Parce qu'il y a une asymétrie que la plupart des équipes produit ne formulent pas. Les LLM ont été entraînés sur des données figées. La majorité de leurs benchmarks de raisonnement portent sur des situations stables, bien définies. Ce qu'ils ne savent pas faire de manière fiable, c'est gérer un environnement qui dérive. Un marché qui se retourne. Un client dont les besoins évoluent. Une équipe dont les forces se transforment.
Marcel Binz et Eric Schulz, du Max Planck Institute, l'ont montré rigoureusement les premiers. Dans un article publié à PNAS en 2023, ils ont fait passer à GPT-3 une batterie de tâches canoniques de psychologie cognitive. Des protocoles validés depuis cinquante ans sur les humains. Verdict : sur les tâches en environnement stable, GPT-3 fait jeu égal ou bat l'humain. Mais il ne montre aucune trace d'exploration dirigée. Et de petites perturbations l'égarent de façon spectaculaire.
Trois ans plus tard, chez Smarter Than AI, nous avons reconfirmé l'écart alors que les modèles se sont considérablement amélioré.
Ce que l'IA sait, et ce qu'elle ne fait pas
L'étude la plus complète à ce jour vient d'une équipe de Toronto (Zhang, Wang, Chen, Mansur, Sarhangian), publiée en mai 2025. Ils ont comparé GPT-4, Gemini 1.5, DeepSeek-V3 et des participants humains sur une tâche bien connue des sciences cognitives. Un dispositif de plusieurs machines à sous, où chacune rapporte une récompense incertaine. Le joueur décide à chaque tour sur quelle machine tirer. Deux versions du test : une stationnaire (chaque machine a une qualité figée), une non-stationnaire (la qualité change en continu).
C'est l'objet du test que nous avons repliqué, et comprenez que nous ne pouvons révéler exactement le changement de façon publique car les candidats qui liraient le blog seraient bien avantagés.
Le plus important est que notre résultat reproduit Binz & Schulz, plus finement.
En environnement stationnaire, GPT-4 avec raisonnement explicite (mode « thinking ») atteint le niveau humain. La machine explore, apprend, et ne fait pas pire qu'une stratégie quasi-optimale.
En environnement non-stationnaire, le tableau s'effondre. Les modèles, même en mode thinking, n'atteignent pas le niveau humain. Les auteurs concluent que les LLM peinent à égaler l'adaptabilité humaine quand l'environnement change. Nous, humains, comprenons l'incertitude de façon plus fine que les LLM.

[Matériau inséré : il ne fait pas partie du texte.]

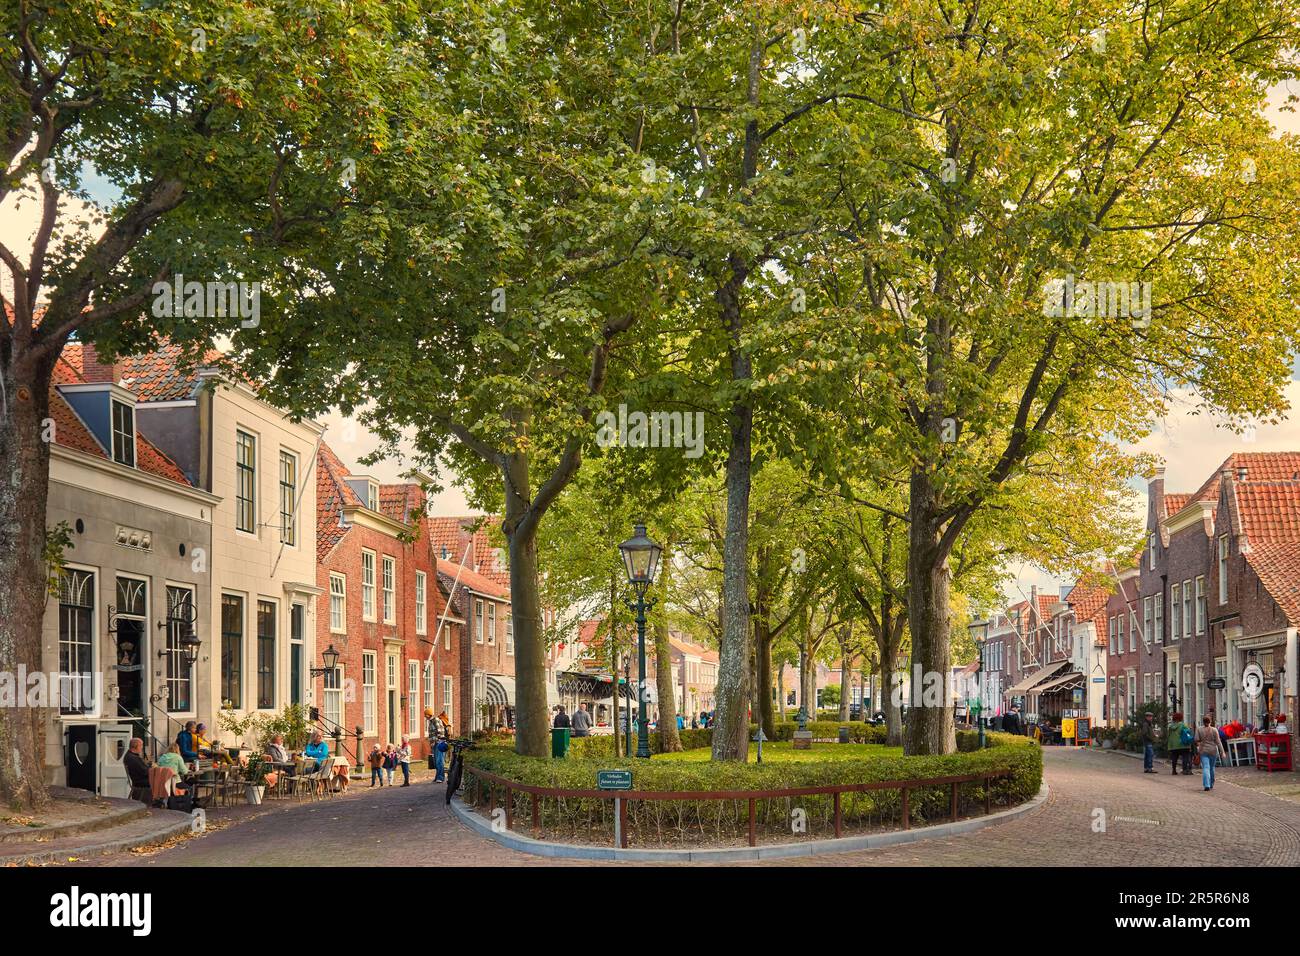 Veere, pays-Bas - 11 octobre 2022: La rue historique centrale avec des magasins, des bars et des restaurants dans l'ancien centre-ville hollandais de Veere en Z Banque D'Images

Deux autres études en 2025-2026 ont confirmé la robustesse du constat. Une équipe a fait jouer GPT-4, Gemini 1.5 et DeepSeek-V3 contre un adversaire qui change sa stratégie. Les modèles se surengagent prématurément, se figent rapidement (Adversarial Testing, mai 2025). Un travail plus récent montre une rigidité quasi-mécanique des LLM sur le bandit-manchot (nom scientifique du test des machines à sous) : un verrouillage précoce sur une option, et une transformation du bruit aléatoire en biais persistant (Rigidity in LLM Bandits, début 2026).
Le motif est partout le même. L'IA aime ce qui a marché et pense que ça marchera tout le temps. L'IA aura investit tout son or sur Nokia et Kodak.
Le cas d'usage : votre meilleur stratège est celui qui sait quand ignorer l'IA
Imaginez maintenant la scène. Votre chargé de marketing arrive devant un dashboard qui montre que LinkedIn Ads, son meilleur canal depuis huit mois, vient de doubler son CPM. TikTok, qu'il avait écarté, est devenu rentable du jour au lendemain. Il a vingt minutes pour proposer une réallocation. Il ouvre ChatGPT et lui décrit la situation.
Avec une probabilité non négligeable, le modèle va lui proposer de rester sur le modèle actuel. La recommandation est prudente mais ne valorise pas l'exploration. Cette décision est coûteuse, parce qu'elle ignore le signal que le marketer a sous les yeux : le canal qu'il connaissait s'érode pendant que l'autre décolle. Lui ne le voit peut-être pas encore, mais il pourrait le sentir. L'IA ne le voit pas, et ne peut pas le voir.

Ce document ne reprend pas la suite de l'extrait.